Keeping brines, marinades and seasonings safe
New technologies are sanitizing the ingredient label.
While marinades get spicier for Latin and South American cuisines and barbecue grilling, new technologies are keeping them safe.
Fairly recent technologies are available for packaging safety into marinades, brines and seasonings.
“Packaging systems with modified atmospheres, high hydrostatic pressure, pre-converted vegetable powders for natural curing, fruit concentrates with high ascorbic acid content and buffered vinegar products that are good antimicrobials are all good examples,” says Joseph Sebranek, Ph.D., Morrison Endowed Chair, Department of Animal Science, Iowa State University, Ames, Iowa.
And a number of additional antimicrobial compounds continue to be developed, especially for those products with “natural” labels.
“I guess I would say that a continued focus on improving sanitation coupled with more development of new antimicrobial compounds that are acceptable for use with natural-labeled products would be an area where more new technology would be welcomed,” Sebranek says.
Processors are also trying to reduce processing times, while improving product stability and quality, to keep temperatures low, minimize operator error and maximize yield.
Brine prep systems mix large quantities of dry ingredients, dissolve dry ingredients into the brine, cool the brine quickly and pump it to the injector’s brine holding tank.
Most brine mixers today use a venturi pump to add the dry ingredients to the brine, says Jeff Sindelar, Ph.D., professor and extension meat specialist, Meat Science & Muscle Biology Laboratory, University of Wisconsin, Madison, Wis.
“A fair amount of technology is involved with creating brine mixers to quickly dissolve ingredients so there is an even application,” says Sindelar.

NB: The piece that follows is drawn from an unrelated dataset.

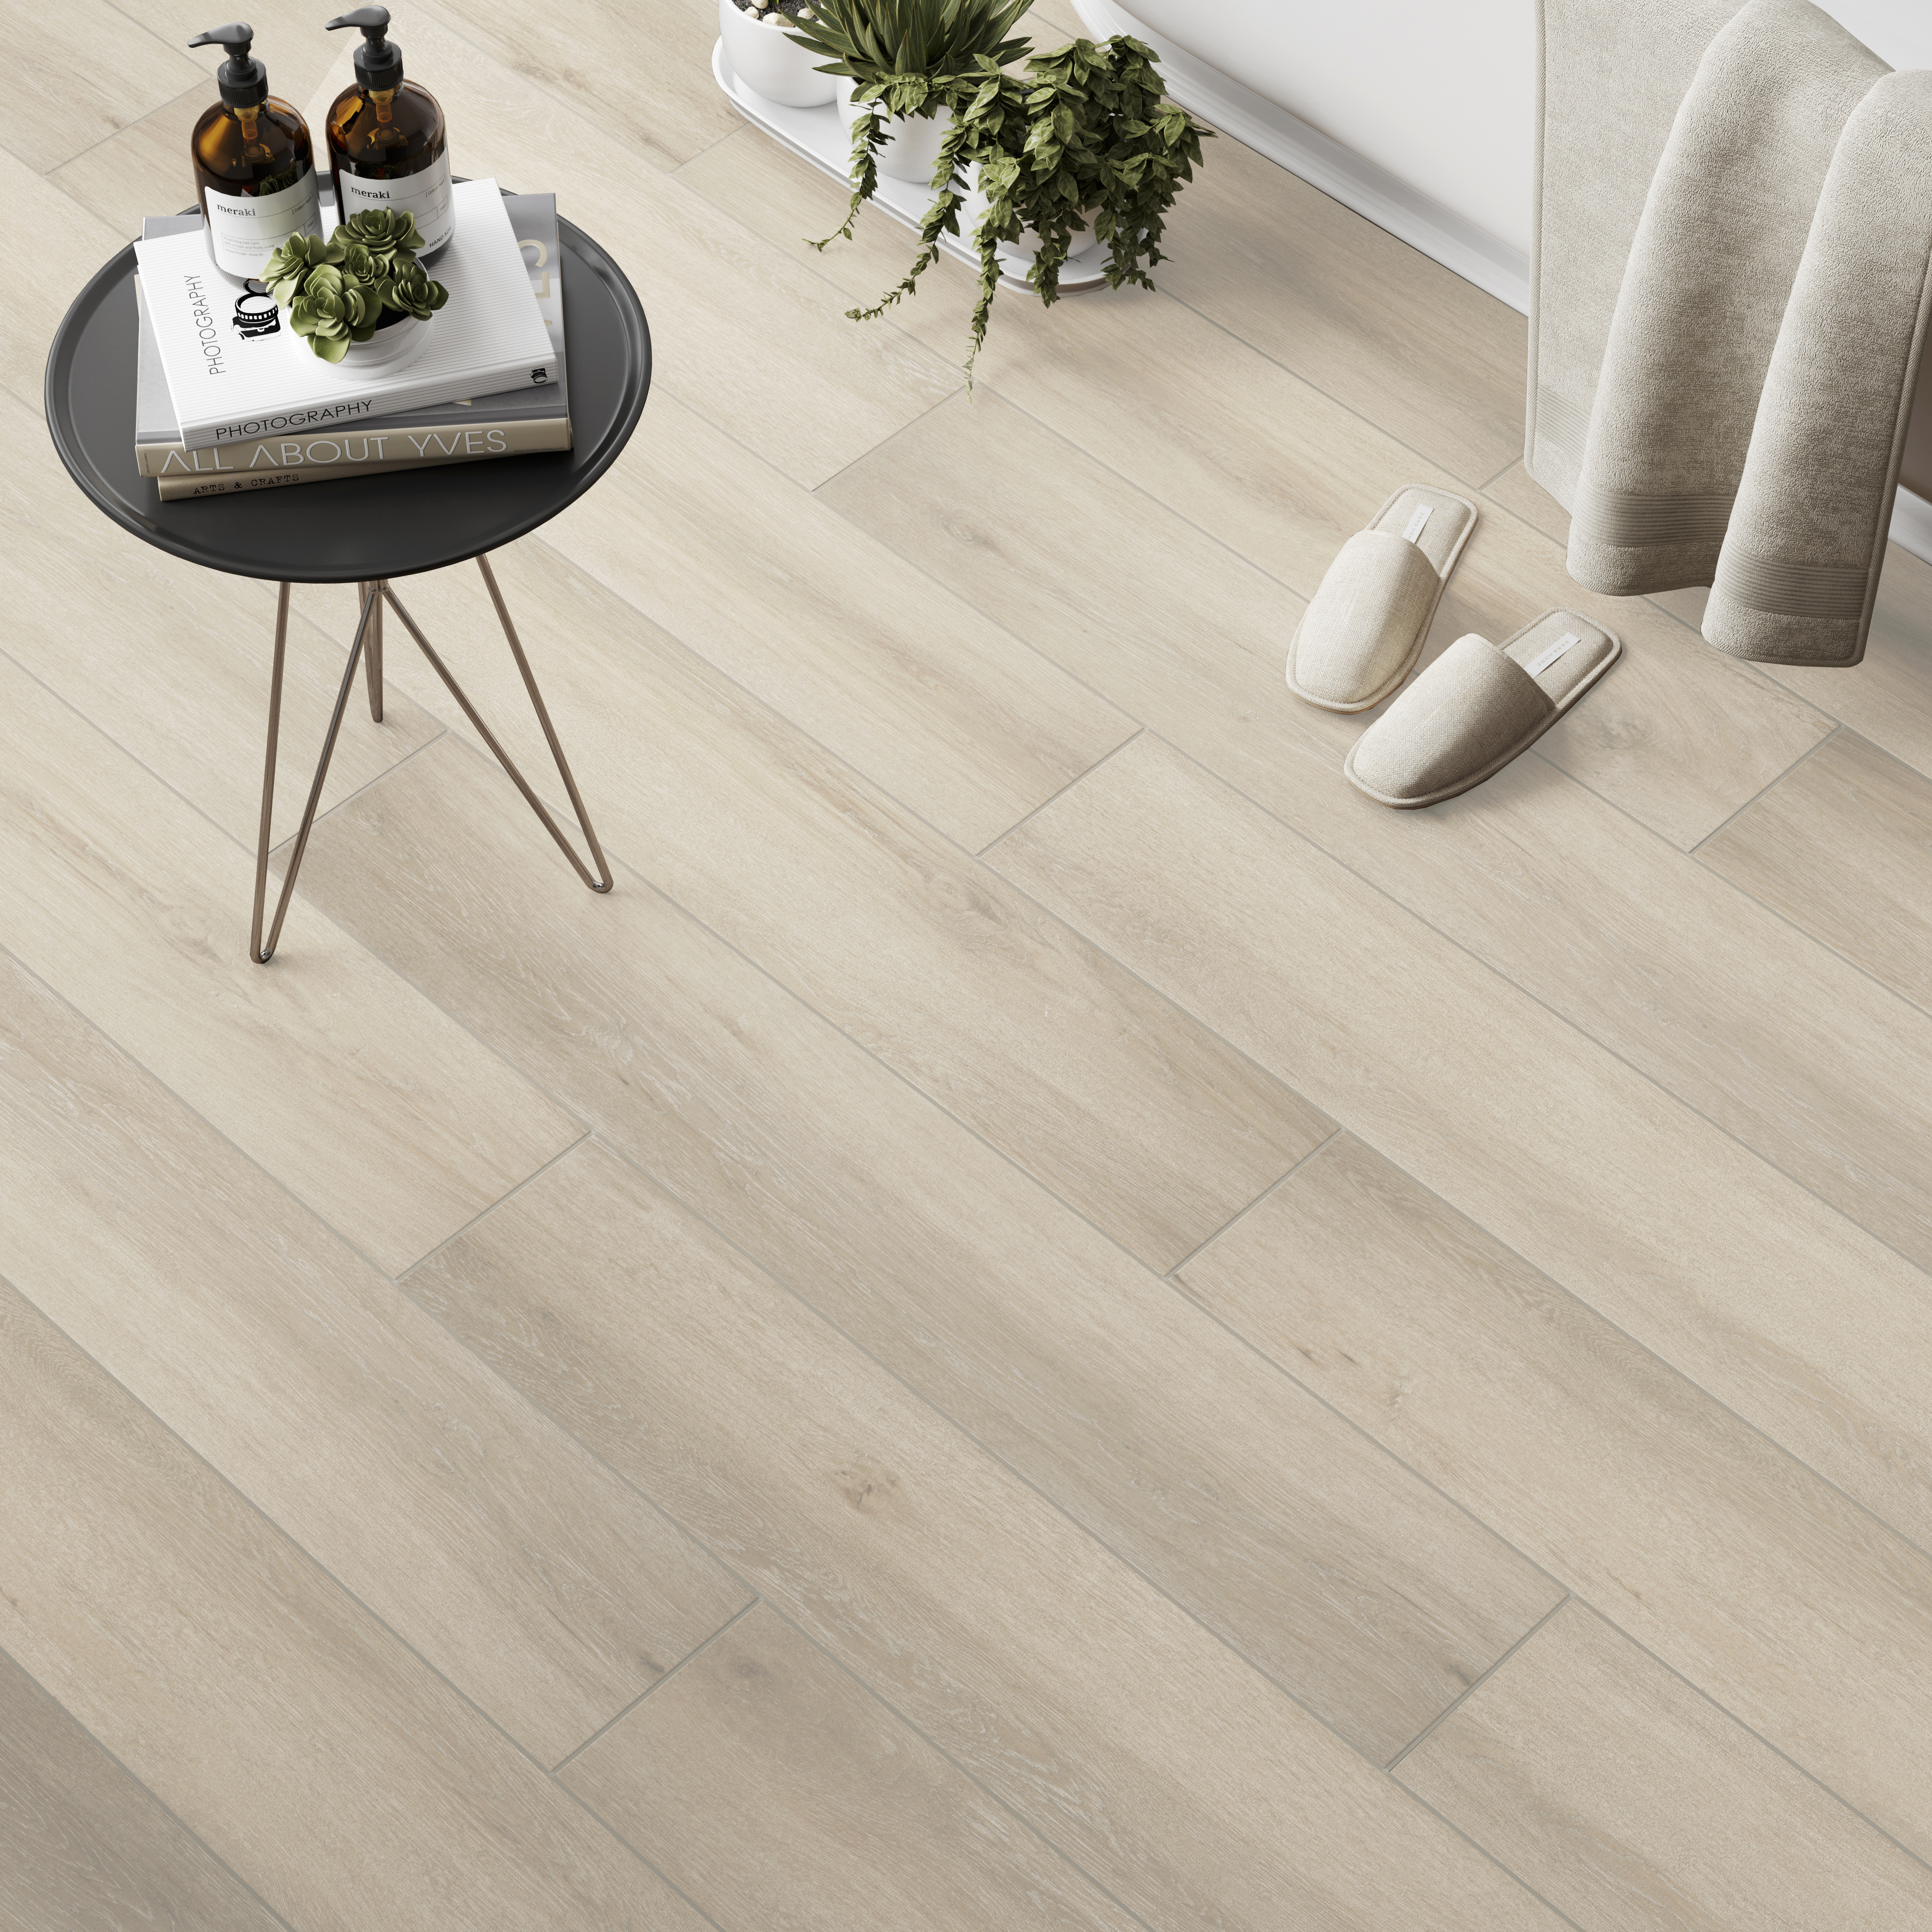 Image of Wickes Boutique Maryland Birch Glazed Porcelain Wood Effect Wall & Floor Tile - 1140 x 200mm

Indeed, high shear mixers of brine mixtures can rapidly dissolve salt, phosphates and sugars, among other ingredients, and can disperse starches and colloids so the water binding solids are quickly hydrated and can then increase yields and functionality.
Some systems today are using ultraviolet light treatment systems to disinfect brines and help improve and maintain the microbe quality of brines, he says. Emerging pathogens like Listeria monocytogenes can be resistant to chlorine, so nonconventional methods are being tested.
“If using brines, then it’s also important to have a membrane filtration system to remove organic materials,” says Sindelar.
Currently, brine treatment technologies can utilize membrane filtration processes, including reverse osmosis, ion exchange processes or evaporation processes, which can be more tolerant of organics, hydrocarbons or hardness salts but have high energy consumption and possible corrosion.
Keeping marinades clean
Better in-plant and equipment sanitation, both in terms of greater awareness and better plant and equipment design, allows for easier and more effective sanitation.
“This extends all the way back to the animal harvest area to produce cleaner raw materials for later use,” says Sebranek. “This not only improves safety but also improves product quality and shelf life.”
Indeed, the safety of the ingredients used for the marinades, especially the spices (which are sanitized with irradiation, steam pasteurization or fumigation with ethylene oxide, a pesticide), is critical.
“The ingredients used in post-process applications are safe,” Sindelar says. “But they aren’t always transported in a hospitable setting.”
Last year, the Food and Drug Administration said 12 percent of spices imported to the United States were contaminated with insects, insect parts, rodent hairs and other materials, while 7 percent had Salmonella.
Sindelar notes more consumers today are naturally interested in the origin of marinade ingredients, whether it is because of taste or safety. Indeed, the FDA noted last year that spice imports from Mexico and India were most contaminated.